Один из боссов проходил мимо (его звали Морри), и он издал забавный кудахтающий смех, наслаждаясь тем, что этот парень был пойман жизнью в капкан.
Так что удача, благодаря которой я смог выбраться из этих мест, сколько бы это не заняло, принесла мне нечто вроде радости, беззаботной радости чуду. Сейчас то, что я пишу, исходит из старого ума и старого тела, намного позже, чем большинство людей могли бы думать о том, чтобы это продолжать, но раз я начал так поздно, я обязываю себя продолжать, и тогда мои слова начинают запинаться, и мне нужно помочь подняться, и я не могу больше отличить синюю птицу от скрепки для бумаг, я всё ещё чувствую, как что-то во мне собирается напомнить (не важно, как далеко я зашёл), как я прошёл через тяготы и неразбериху и мучения хотя бы к благородной смерти.

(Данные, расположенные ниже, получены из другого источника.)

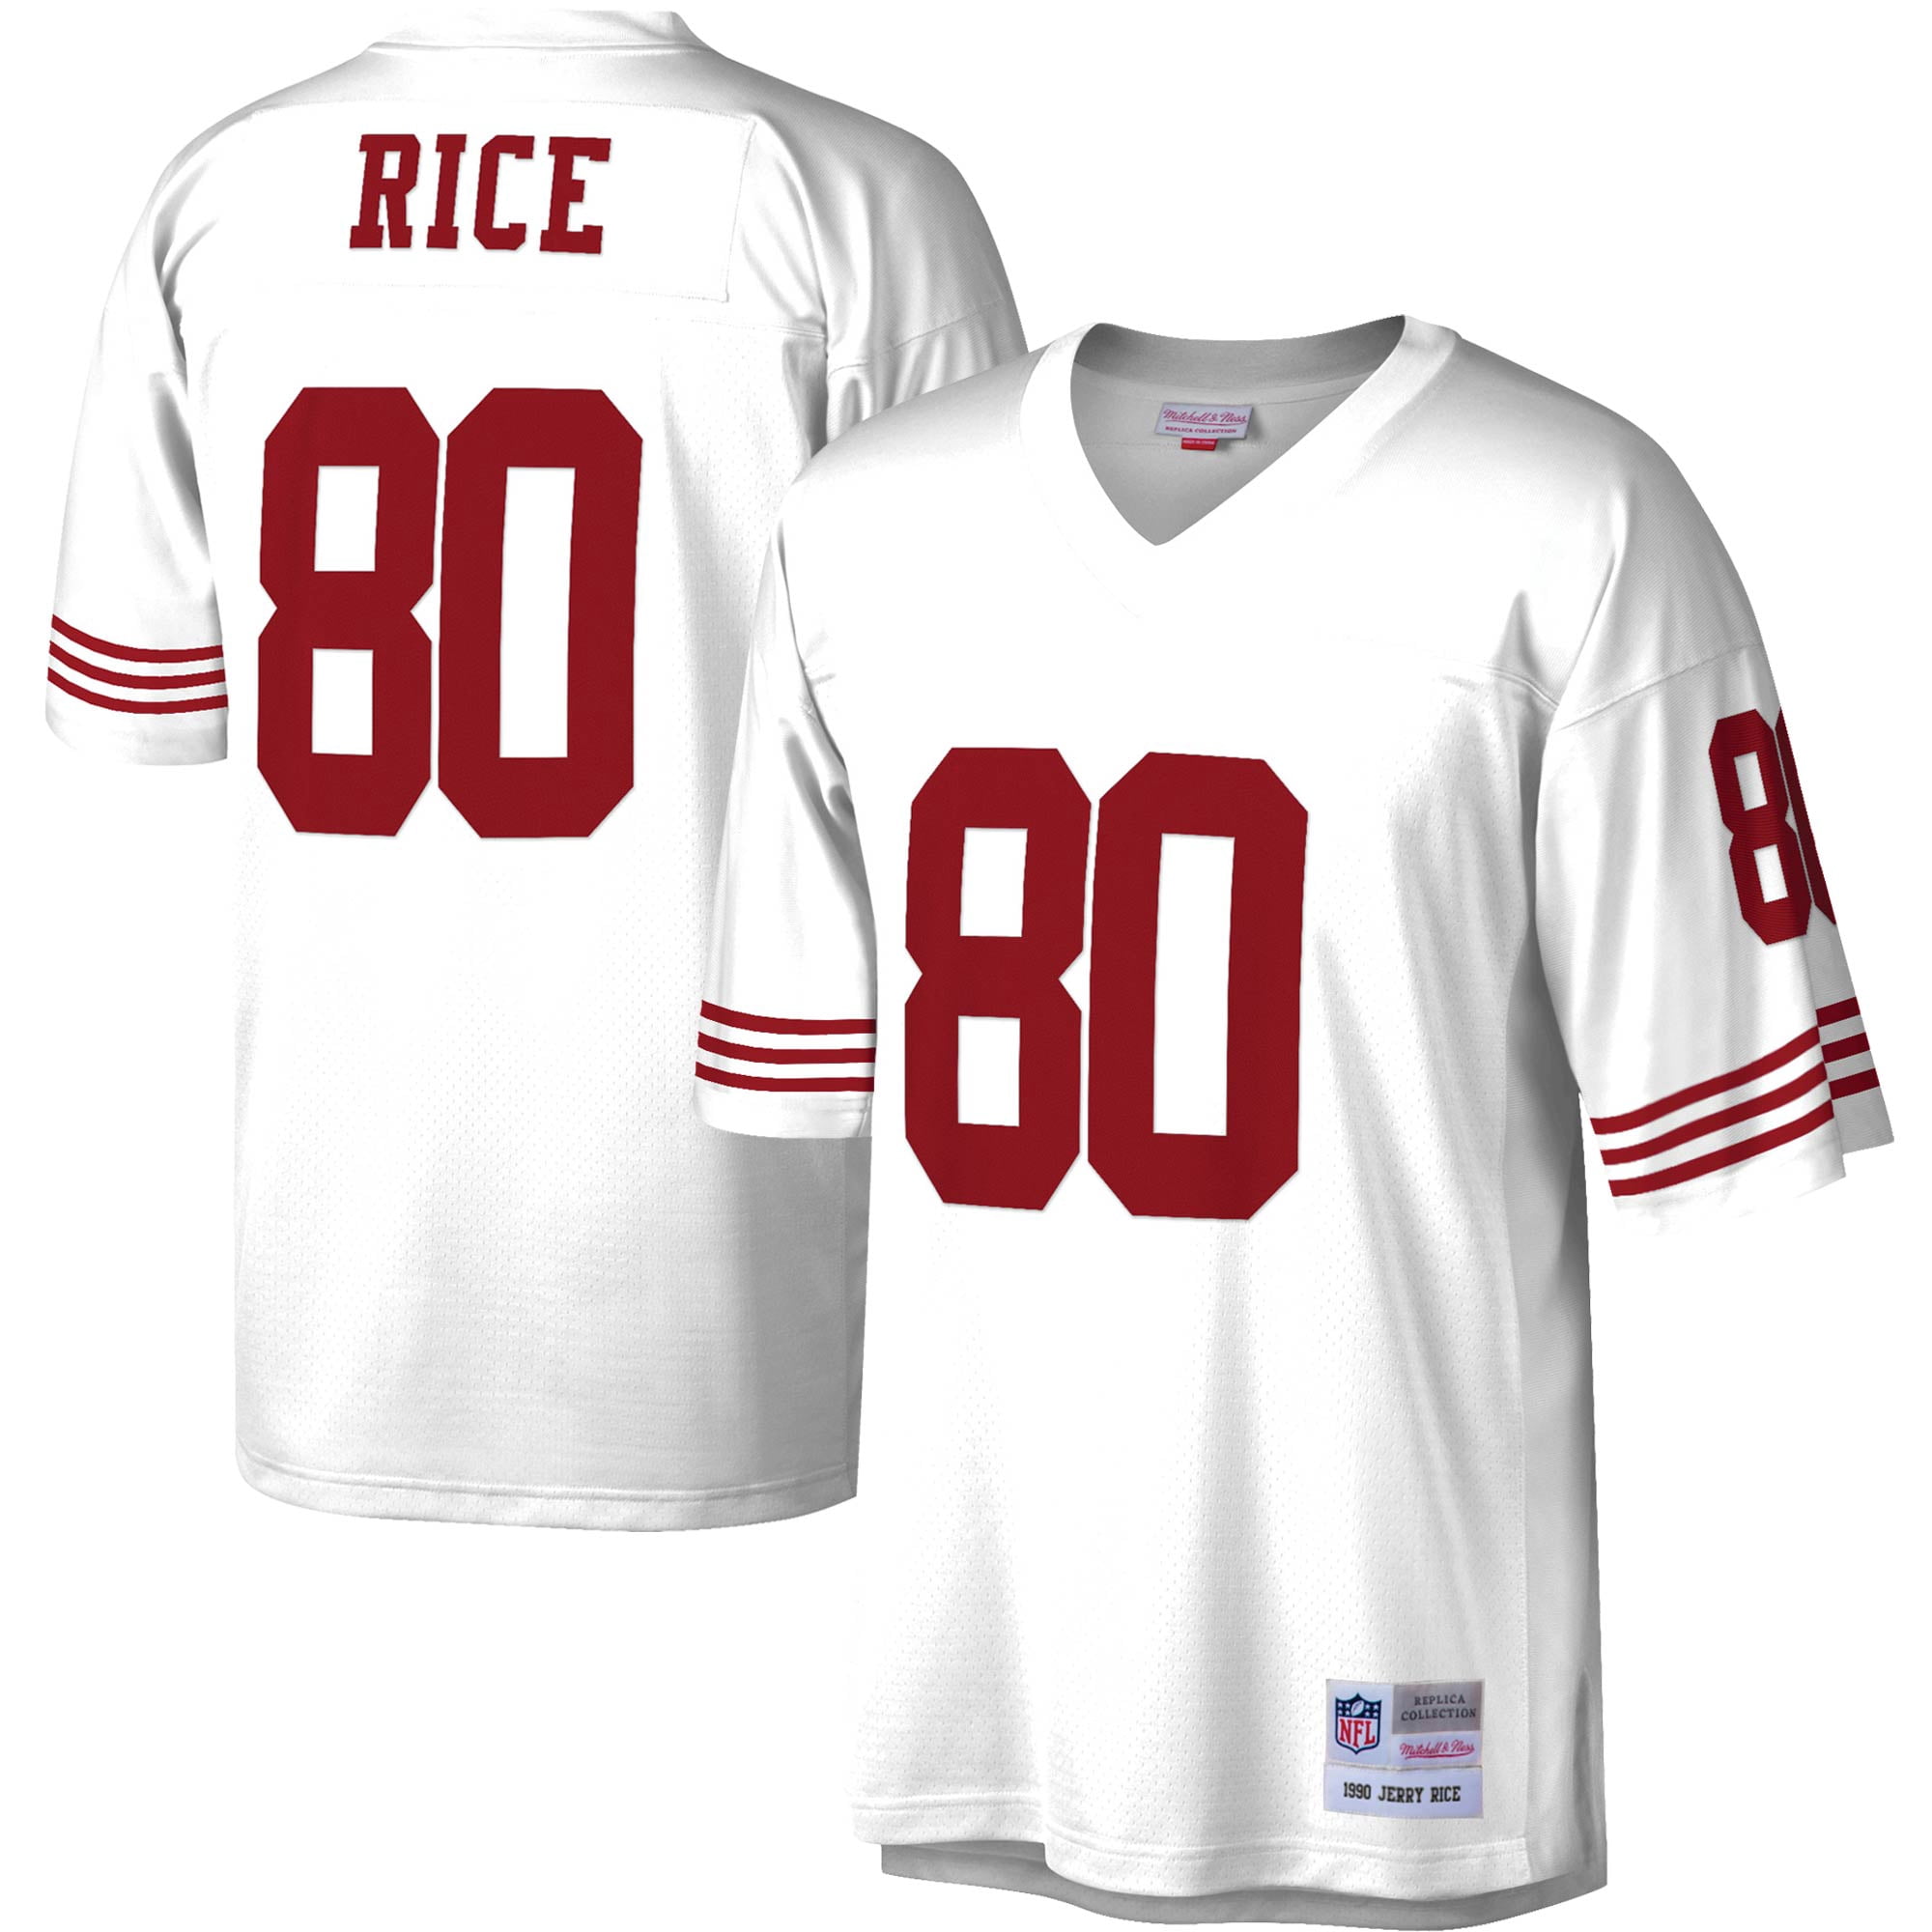 Jerry Rice San Francisco 49ers Autographed White Throwback Mitchell & Ness  Authentic Jersey

Не растратить полностью собственную жизнь, похоже, подходящее окончание, если только для меня.
твой парень,
Хэнк
Уильяму Паккарду, редактору New York Quarterly
17/4/92 12:15
Здравствуй В Паккард:
Ха. Слушай, я знаю, что ты никогда не сможешь напечатать все присылаемые стихи, которые у тебя в заявках. Во-первых, это бы растревожило все добрые души во вселенной. И во-вторых, есть и другие писатели. Ха.
Тем не менее, даже зная всё это, не могу удержаться и посылаю тебе стихотворение — надутый дерьмом воздушный шар, который может подорвать многоликое царство всеобщей набожности. Ха. Ха, ха?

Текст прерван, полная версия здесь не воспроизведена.